The new allowances have seen more shoppers trading up, with a broad offer maintained in premium Irish whiskies, a key category
“The fragrance market has exploded well beyond the overall trend,” says Neeson. “Across the board in beauty what we see is that those brands that have reintroduced Brand Ambassadors are performing well above the rest of the market. That does have an impact. “Makeup has not performed as well – Dublin was previously a high performing market for many brands – but we have seen that with cutbacks among the brands, newness is no more than half of what it would have been in the category two years ago. So brands as well as retailers have cut ranges, and makeup has been a casualty. But we’ll review that and I’m sure in time our makeup ranges will creep up again.” The other challenge for that category is that the retailer cannot test products (tasting has begun on liquor since July).
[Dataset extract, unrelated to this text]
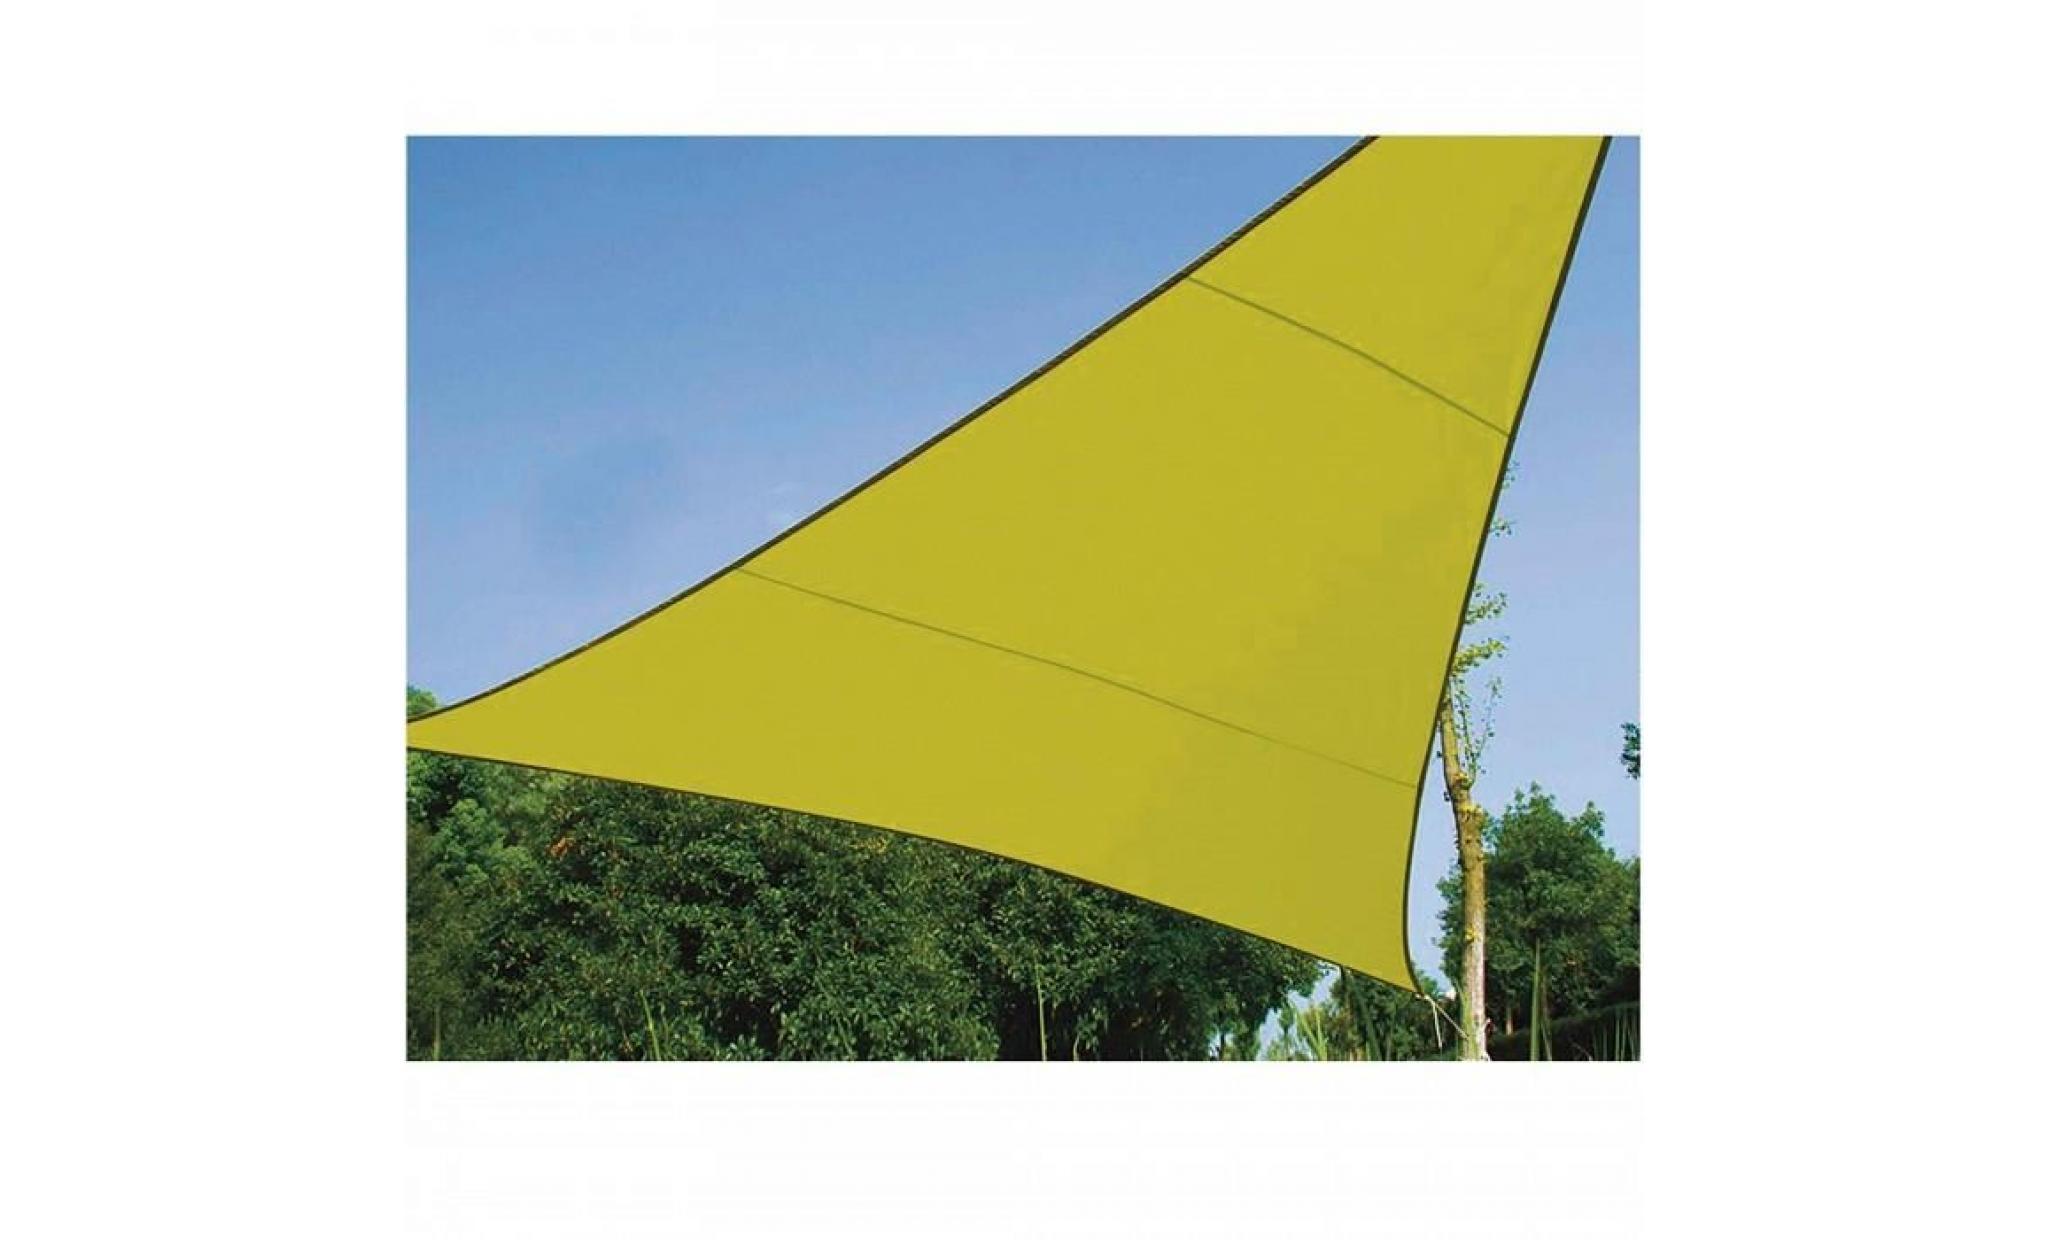 5 x 5 x 5 m voile d ombrage triangle 5 m ideale p 1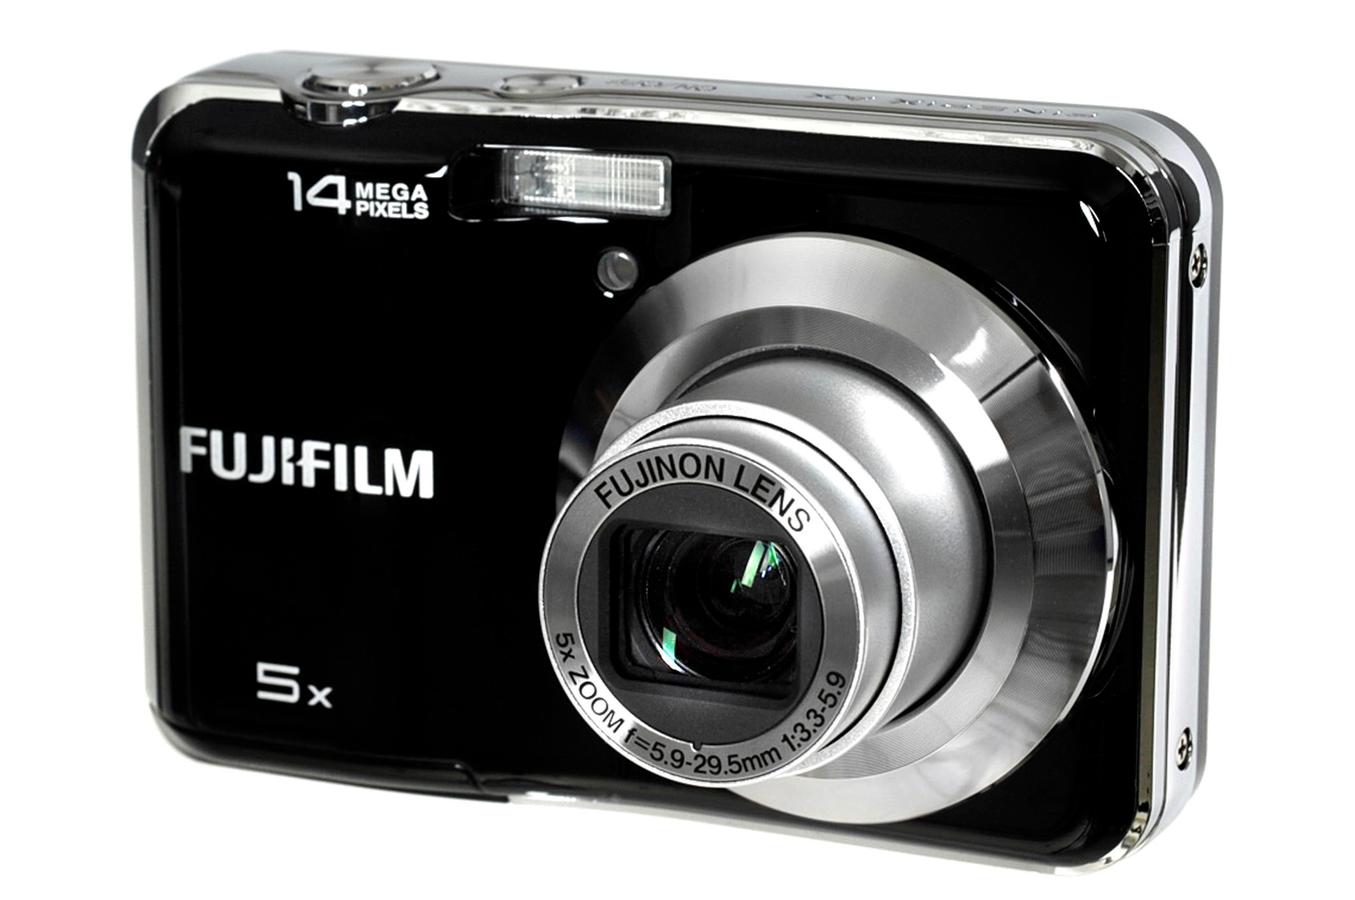 appareil photo compact fujifilm ax 300 noir darty. Black Bedroom Furniture Sets. Home Design Ideas

A key date is 22 October when Ireland plans a wider relaxation of COVID protocols, with more options hopefully emerging to sample in-store. Neeson says: “What we do know is that people are willing to engage with and talk to staff. There’s excitement about returning to the airport – and our staff get a buzz out of this too.” The challenge now is to keep the momentum going once more travellers return. “To date, our spends have been phenomenal, and are holding up even as passenger numbers increase,” says Neeson. “We thought they might taper off but they are significantly higher than they have been before. “I cannot underestimate the role of staff in this. We were lucky in that we only closed for around four weeks, which was very difficult for everyone. But we traded the rest of the time., There were some lousy days, with hours between flights, and there’s only so much cleaning of shelves you can do. But our team have been brilliant. They looked out for each other, for the customers, and how they have emerged from this has made me very proud. If you ask me, keeping open and engaged with the team has been the biggest thing we have done through all of this. If you have a really mobilised team, they are worth their weight in gold. “Now it’s very much about maintaining the momentum. We will be engaging with the travellers as more of them return. People have a bit more time now. They are coming earlier as there is still some uncertainty about the airport process, but also are relaxing and are excited as they are maybe making their first trip away. So we are seeing the benefit of all of those things, and we have to maximise that in the period ahead.”